All that can possible happen is that the world economy can afford a small increment of price elevation, to squeeze the production plateau a bit longer. What happens as a larger percentage of the oil production is based on tar sand and fracking costs? People assume that the price fluctuations will resemble the recent past, where an economic recession pushed out the marginal (expensive) oil, and we had a sizable drop in price. But, the future is not a linear projection of the past, but rather a curve. And all that is left to debate about is the size and shape of that curve.
Thanks for a timely and interesting post, and the thoughtful analysis. It seems that more and more world experts are being forced to admit some of the facts of our situation, not just the IMF. I still don’t think their projections are believable, but they are trying to add in more real world factors to their models, so that is a step down the correct path anyway. Please include the math next time too. I am learning things I should have mastered years ago because I have a need to understand things I didn’t used to care about. It makes a difference, when the answers are something that matters to you.
There is a limit to how much math I can include. If nothing else, I am not equipped to write alphas and betas and other scientific notation (although I suppose I could figure out how). I have also discovered there is a real problem with “my eyes glaze over,” when posts look too technical.
Perhaps so. Still, I find an explanation of how the models are constructed mathematically, with a simple (enough for me to understand) explanation of how the ideas are molded into equations helps me understand what is being expressed.

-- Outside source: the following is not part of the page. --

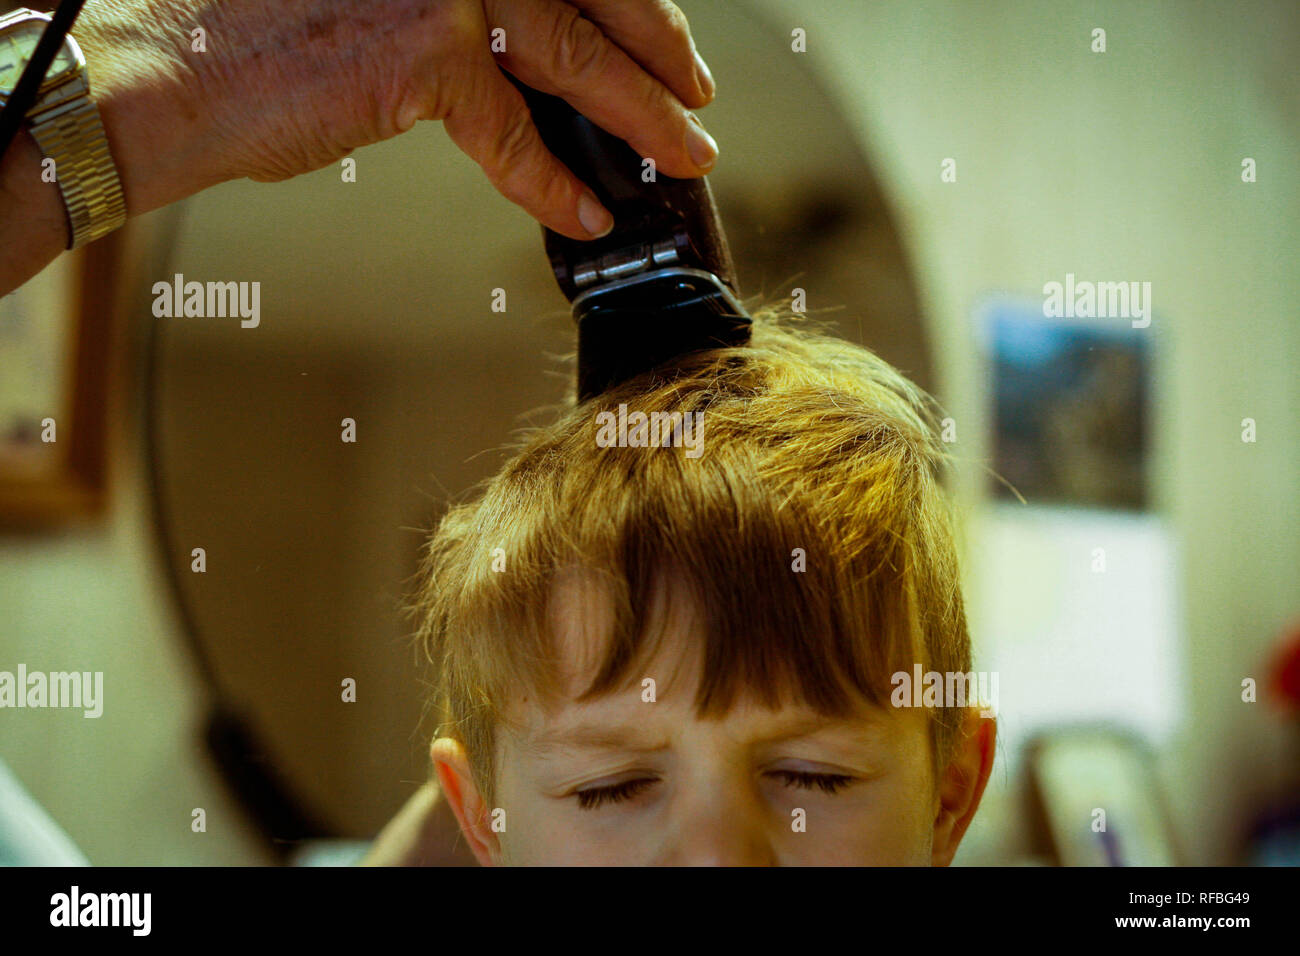 A young boy has his hair cut at a smalltown babershop.. Stock Photo

Any help at all in this area is particularly appreciated.
The IMF is a tool of TPTB.
I’m not going to commend them for anything.

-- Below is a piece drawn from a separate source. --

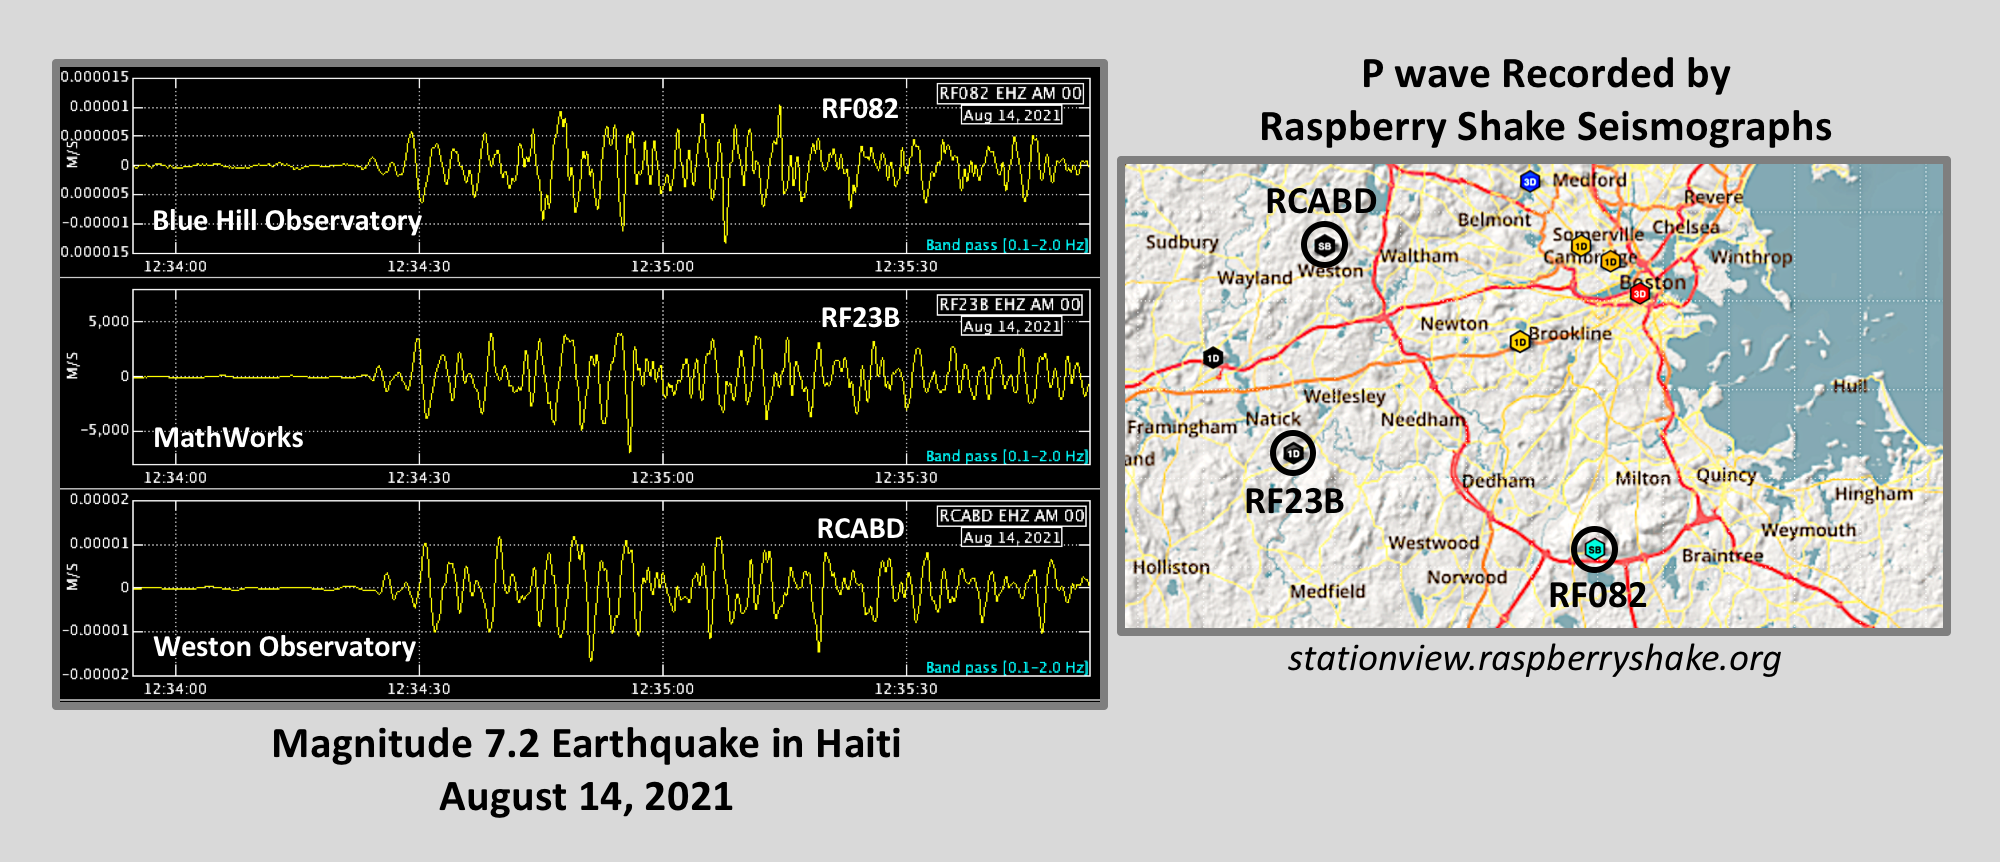 Haiti earthquake (8/14/21) at BH Observatory, MathWorks, & Weston Observatory

No intention of reading the .pdf.
Still thanks for posting it up, personally I am getting a bit past caring, the globalists agenda steamrollers onward on so many fronts now.
On the BBC today we have farting dinosaurs producing equivalent methane to the entire efforts of cows and man today.;¬)
This just happens to coincide with huge NEW venting of methane reported in the Arctic due to global warming and marginalised by TPTB tame scientist in testimony to the UK parliament a few weeks ago ignoring the world acknowledged expert in Arctic ice science a Cambridge don.
One thing is for sure the 99% are going to be a lot poorer by 2020 and the 1% will be richer
They only have one agenda stay in control by setting the agenda.
This is a classic psychological warfare technique i.e. you can only fight a battle (tactics) defined by our rules so we can be sure of winning the war (strategy).
A few points they control the reporting of production, Campbell only had access to the insider info because he wrote the definitive report for the oil industry after writing his analysis we can be certain they have done their best to muddy the data he gets access to.
Production of crude oil has failed to increase significantly, they have simply added condensate and refinery gains to barrels of production in addition to how much plain fibbing they thing will be easy to hide.